» **About this task**
Nothing but the lines below from the one that contains "νεολαίες γυναικών ύπνου σπορείων." through the one that contains "Ferrari Parts Ferrari" should be retyped, exactly and including both ends. Do not include pictures.
[[ Extracted entries, beginning ]]
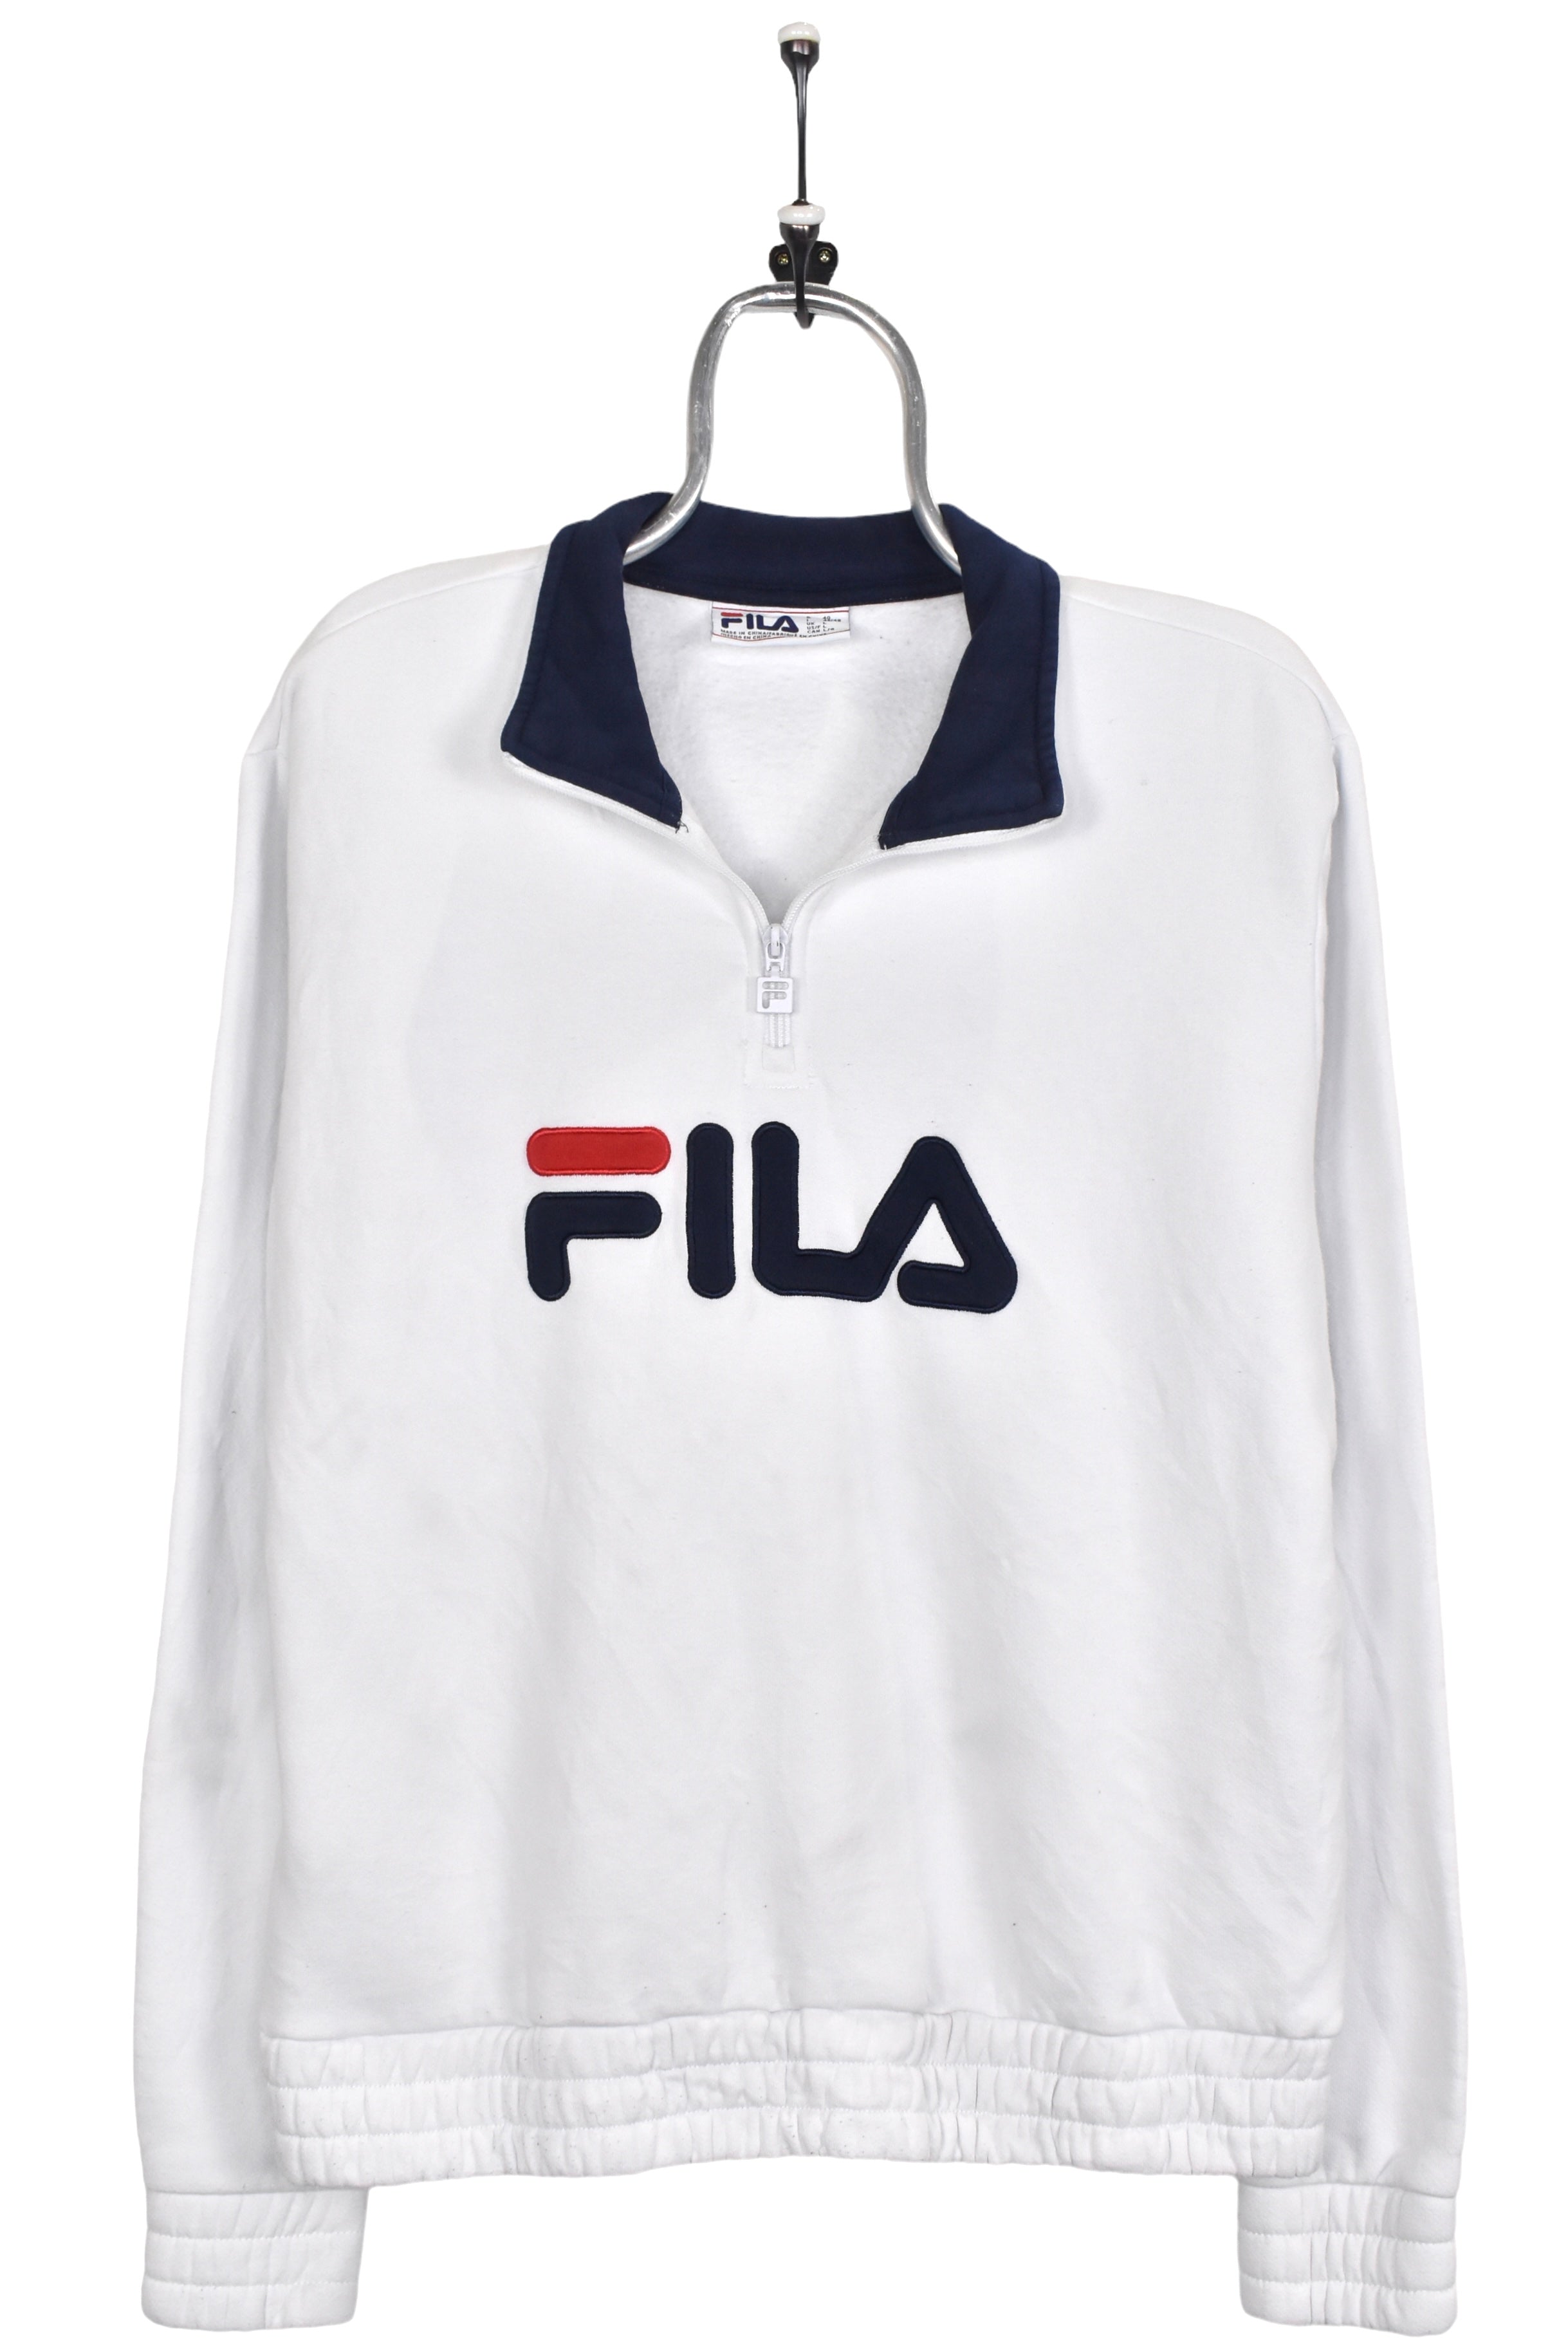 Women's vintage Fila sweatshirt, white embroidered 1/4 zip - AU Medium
[[ Extracted entries, end ]]
[[ Extracted entries, beginning ]]
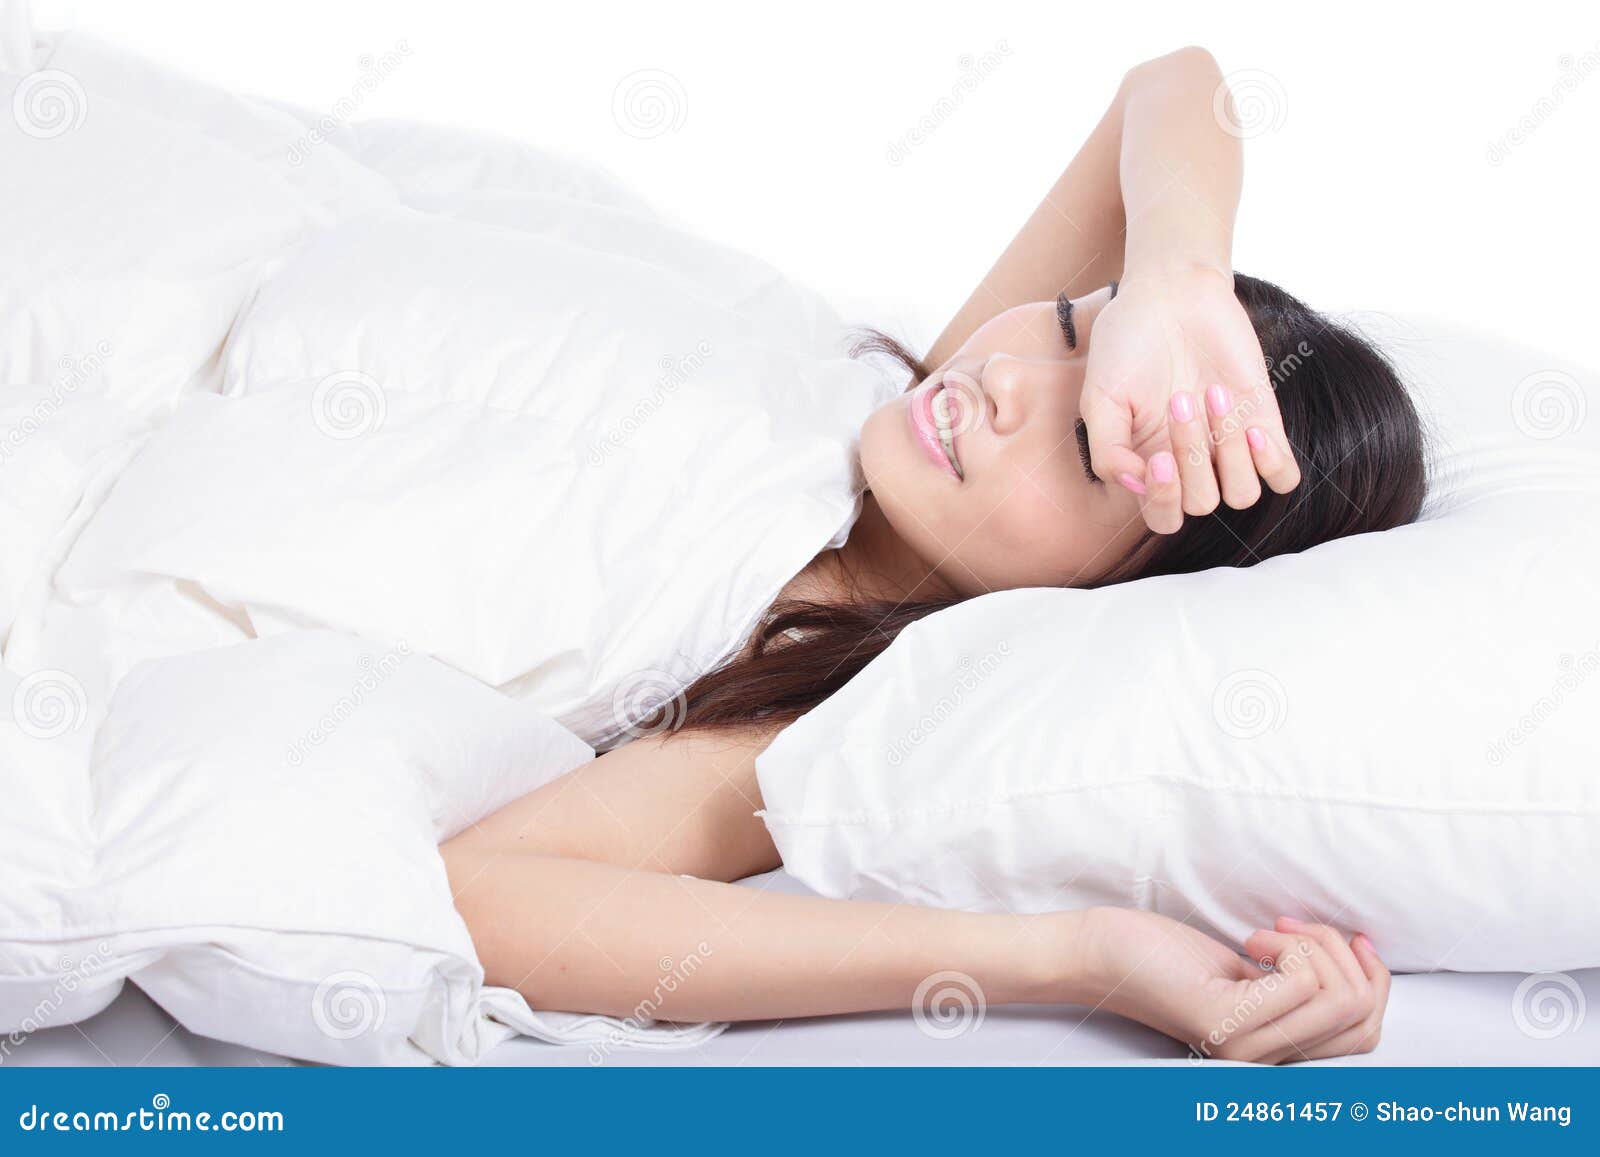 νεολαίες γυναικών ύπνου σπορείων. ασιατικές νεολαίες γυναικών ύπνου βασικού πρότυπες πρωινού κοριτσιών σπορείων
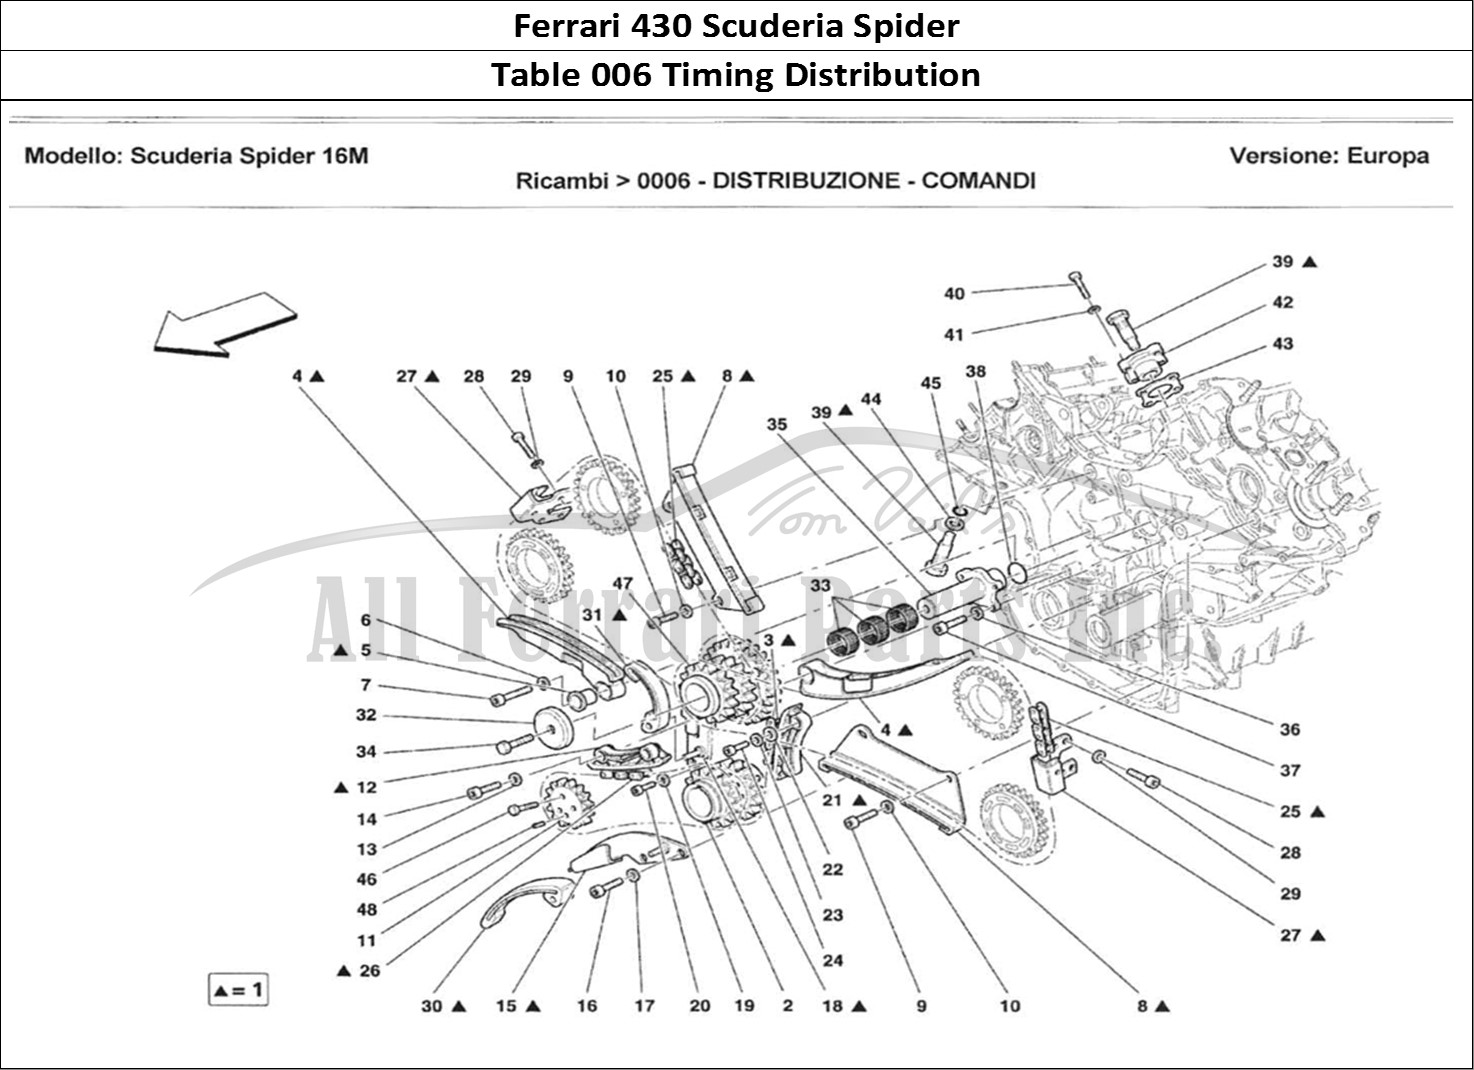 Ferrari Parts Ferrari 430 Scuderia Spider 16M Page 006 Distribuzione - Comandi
[[ Extracted entries, end ]]
» **Task answer**
 νεολαίες γυναικών ύπνου σπορείων. ασιατικές νεολαίες γυναικών ύπνου βασικού πρότυπες πρωινού κοριτσιών σπορείων
 Ferrari Parts Ferrari 430 Scuderia Spider 16M Page 006 Distribuzione - Comandi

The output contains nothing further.